These devices (e.g., hosts or PCs) enable the communication between ATM end stations and end stations on "legacy" LAN or among ATM end stations.

Entry Border Node

The node which receives a call over an outside link. This is the first node within a peer group to see this call.

EPD

Early Packet Discard: A congestion control technique that selectively drops all but the last ATM cell in a Classical IP over ATM packet.When congestion occurs, EPD discards cells at the beginning of an IP packet, leaving the rest intact.The last cell is preserved because it alerts the switch and the destination station of the beginning of a new packet.Because IP packets from cells have been discarded receive no acknowledgment from the source. Most vendors expect EPD to be used in conjunction with unspecified bit rate (UBR) service. Switches simply junk UBR cells when congestion occurs, without regard for application traffic.By discarding ceiling selectively. so that whole IP packets are resent, EPD makes UBR a safer option.

Explicit Rate: The Explicit Rate is an RM-cell field used to limit the source ACR to a specific value. It is initially set by the source to a requested rate (such as PCR). It may be subsequently reduced by any network element in the path to a value that the element can sustain. ER is formatted as a rate.

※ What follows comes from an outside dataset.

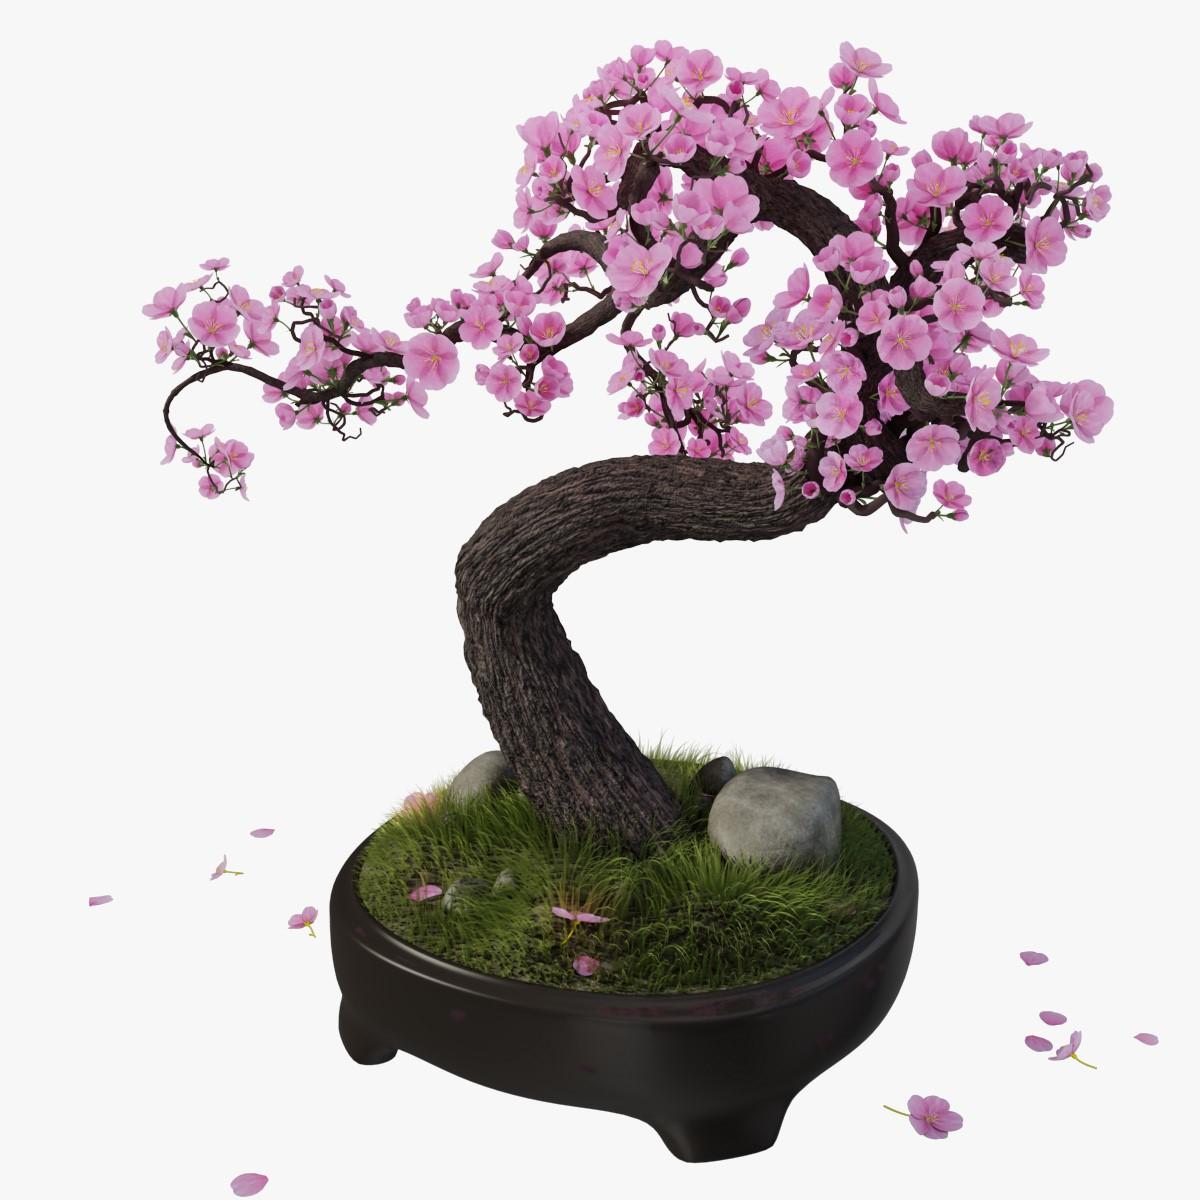 Achat de bonsaï: Arrosez un arbre par le haut à l'aide d'un arrosoir avec une buse fine.
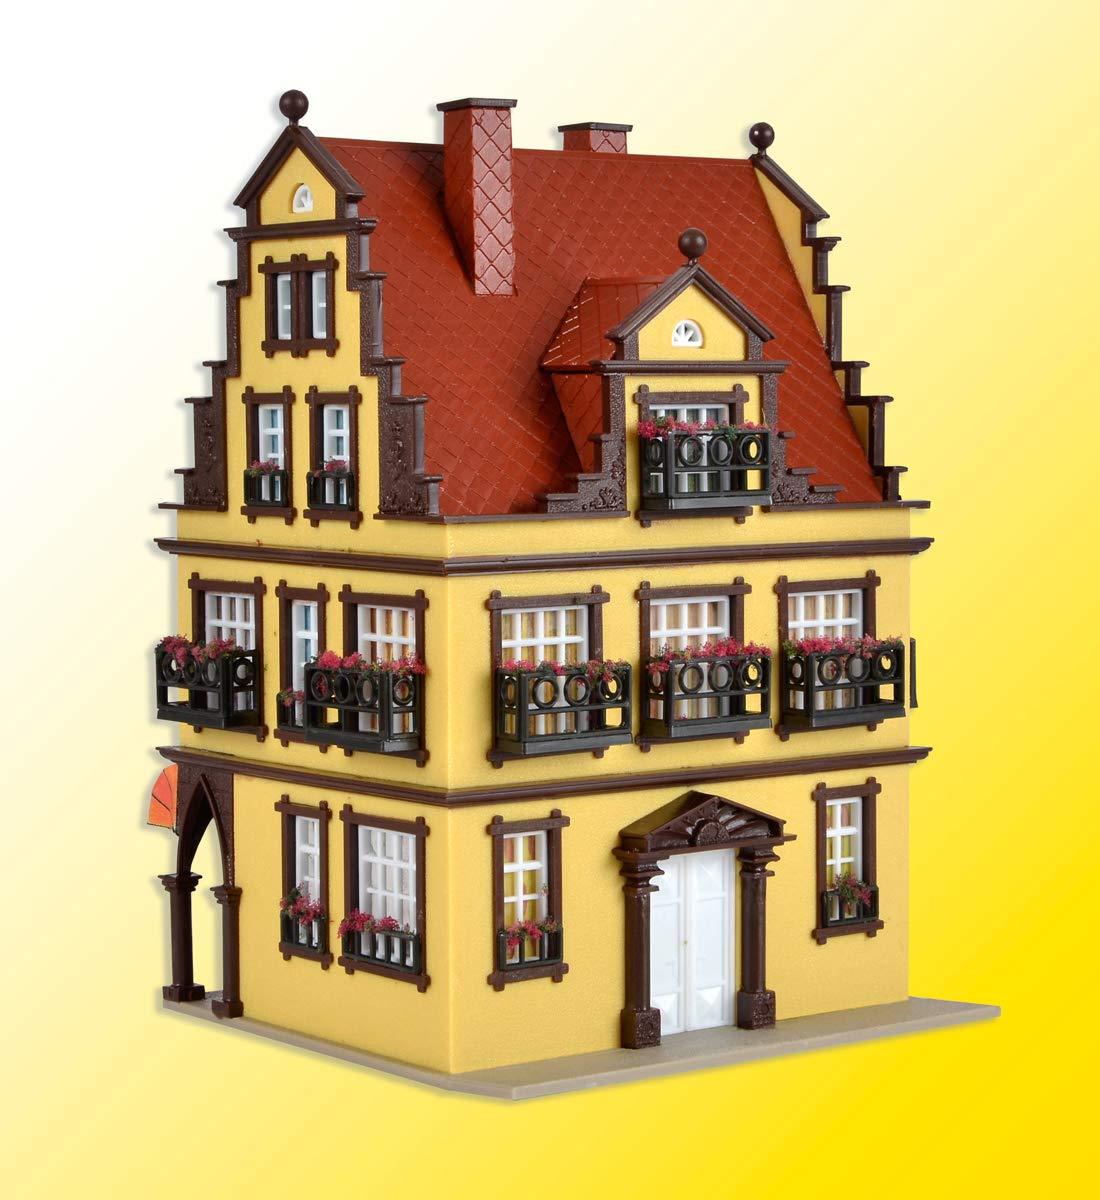 豪奢な Vollmer 43840 フォルマー 43840 H0 1 1/87/87 町並み建物 町並み建物 B00O1Z0URS, クーテ:99dbfe29 --- a0267596.xsph.ru

End System: A system where an ATM connection is terminated or initiated. An originating end system initiates the ATM connection, and terminating end system terminates the ATM connection. OAM cells may be generated and received.

ESD

Elastic Discharge

ESF

Extended Superframe: A DS1 framing format in which 24 DS0 times lots plus a coded framing bit are organized into a frame which is repeated 24 times to form a superframe.

ESI

End System Identifier: This identifier distinguishes multiple nodes at the same level in case the lower level peer group is partitioned.

ETSI

European Telecommunications Standards Institute: The primary telecommunications standards organization.

Exception

A connectivity advertisement in a PNNI complex node representation that represents something other than the default node representation.

Exit Border Node

The node that will progress a call over an outside link. This is the last node within a peer group to see this call.

Exterior

Denotes that an item (e.g., link, node, or reachable address) is outside of a PNNI routing domain.

Exterior Link

A link which crosses the boundary of the PNNI routing domain. The PNNI protocol does not run over an exterior link.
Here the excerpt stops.